Contrary to Guyana’s arguments that the Essequibo Region was under Dutch rather than Spanish control, Venezuela contended that the United Kingdom, then the world’s superpower, used its military might to push back the Spanish from that area and had even threatened to resort to aggression at least four times between August and December 1896 if Venezuela did not agree to the 1897 Treaty that established the tribunal.
Professor Danae Azaria told the court that only three months after United States Secretary of State Richard Olney’s letter to the United Kingdom’s Prime Minister Lord Salisbury, he (Salisbury) sent an ultimatum to Venezuela’s President Joaquín Crespo.
He demanded reparation for the brief arrest by Venezuela of British policemen at Yuruan, an area that both Venezuela and Britain claimed.
She said that on October 20, 1897, the New York Herald reported that Great Britain had already sent Maxim guns to the border with Venezuela. “This is only one month before the beginning of negotiations that led to the Washington Treaty,” she said.
Dr Azaria said Venezuela was fully aware that the only way to stop Britain’s expansionist ambitions and aggression was the support of the United States. “If this support were to be withdrawn, “dangerous consequences would inevitably follow.”

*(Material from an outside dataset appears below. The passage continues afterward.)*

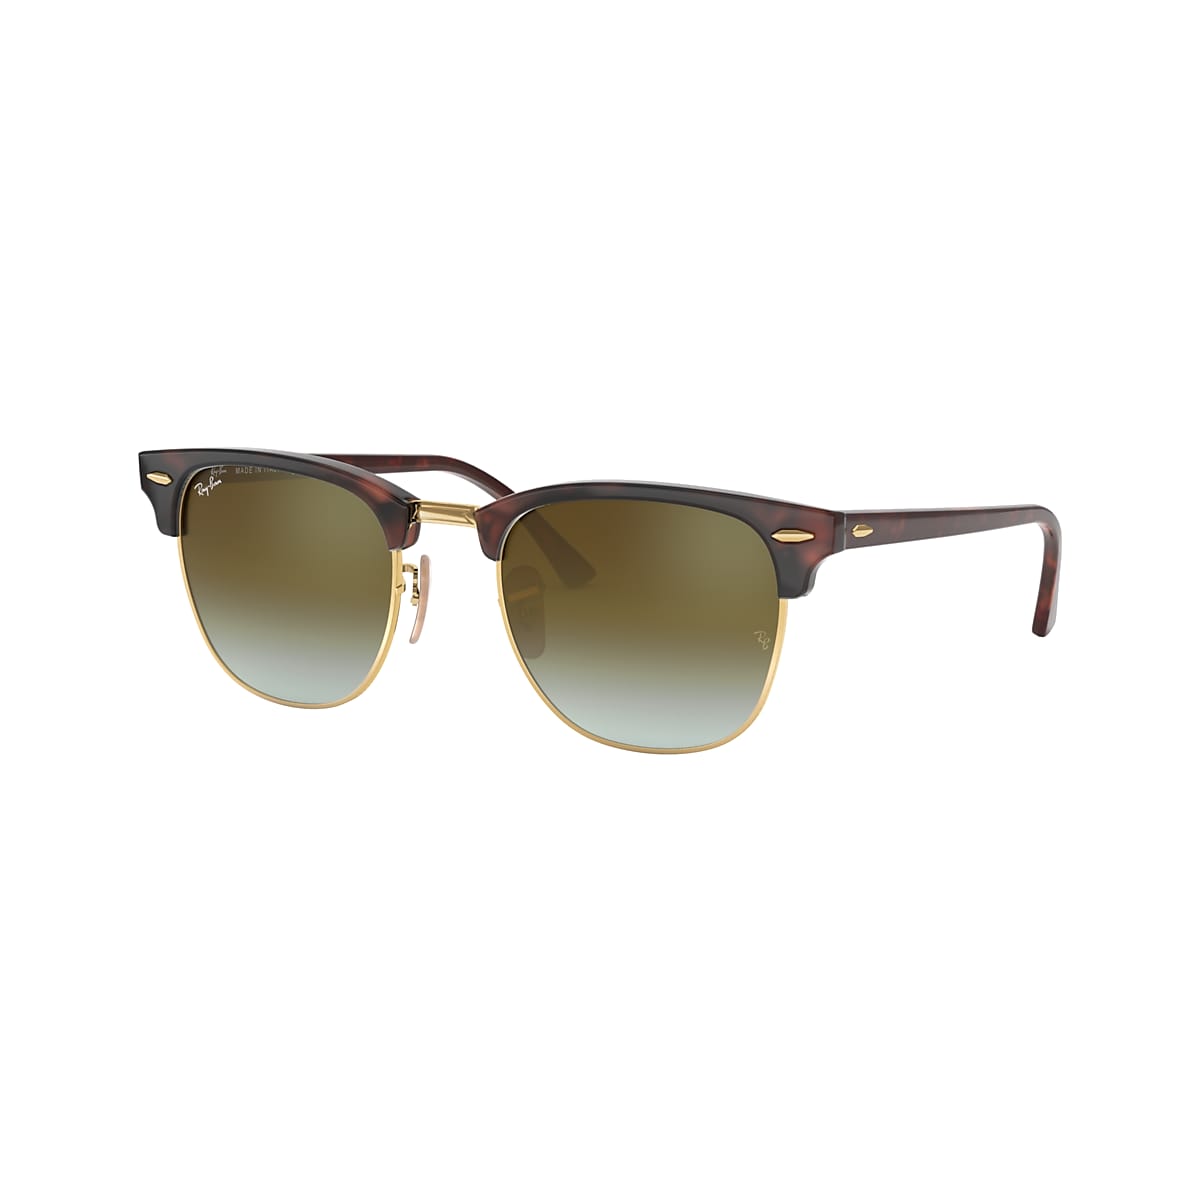 Ray-Ban 0RB3016 Sunglasses in Tortoise | Target Optical

She also said that even after the 1899 boundary award, Britain went ahead and unilaterally began demarcating parts of the boundary in 1900.
She recited that faced with this clear pressure and the fear of losing more land, at a particularly vulnerable moment during the Venezuelan civil war, Venezuela had no choice but to send the Demarcation Commission.
Dr Azaria added that there is also overwhelming evidence that Venezuela’s fear was well founded, and that she only was able to obtain evidence that the Award was invalid in the second half of the 20th century.
The common thread through the lawyers’ arguments on the merits of Guyana’s case on the validity of the 1899 Arbitral Tribunal Award of the land boundary with Venezuela is that after fresh evidence surfaced about the manner in which the decision had been made, the 1966 Geneva Agreement became the new mechanism to settle the controversy over the frontier mutually through bilateral negotiations.
Though Venezuela is participating in the ICJ process its political and legal representatives made it clear that that country does not recognise the jurisdiction of that court in the matter.
Professor Paolo Palchetti sought to discredit Guyana’s argument that the supposed 1944 posthumous letter by Mallet-Prevost, an American lawyer for Venezuela at the 1899 Tribunal, was a “mishmash of unreliable anecdotes.”
Dr Palchetti said there was more information around which to back up Mallet-Prevost’s view that the award in favour of the United Kingdom was the result of collusion between Russia and the United Kingdom and pressure by that tribunal’s president, Russian jurist Friedrich Martens.
Dr Tams added that the Tribunal failed to first investigate and ascertain the extent of the territories belonging to the Netherlands and Spain.
Dealing with the issue of an absence of reasons by the Tribunal for its decision, he said it was impossible to understand what guided the Tribunal in its decision.
In that regard, he said the tribunal was unable to put on paper any legal consideration that might have guided its decision. “This lack of reasons is in itself, as we have shown, reason to render the Award invalid. But it is also indicative of the Tribunal’s decision-making process,” Dr Tams also said.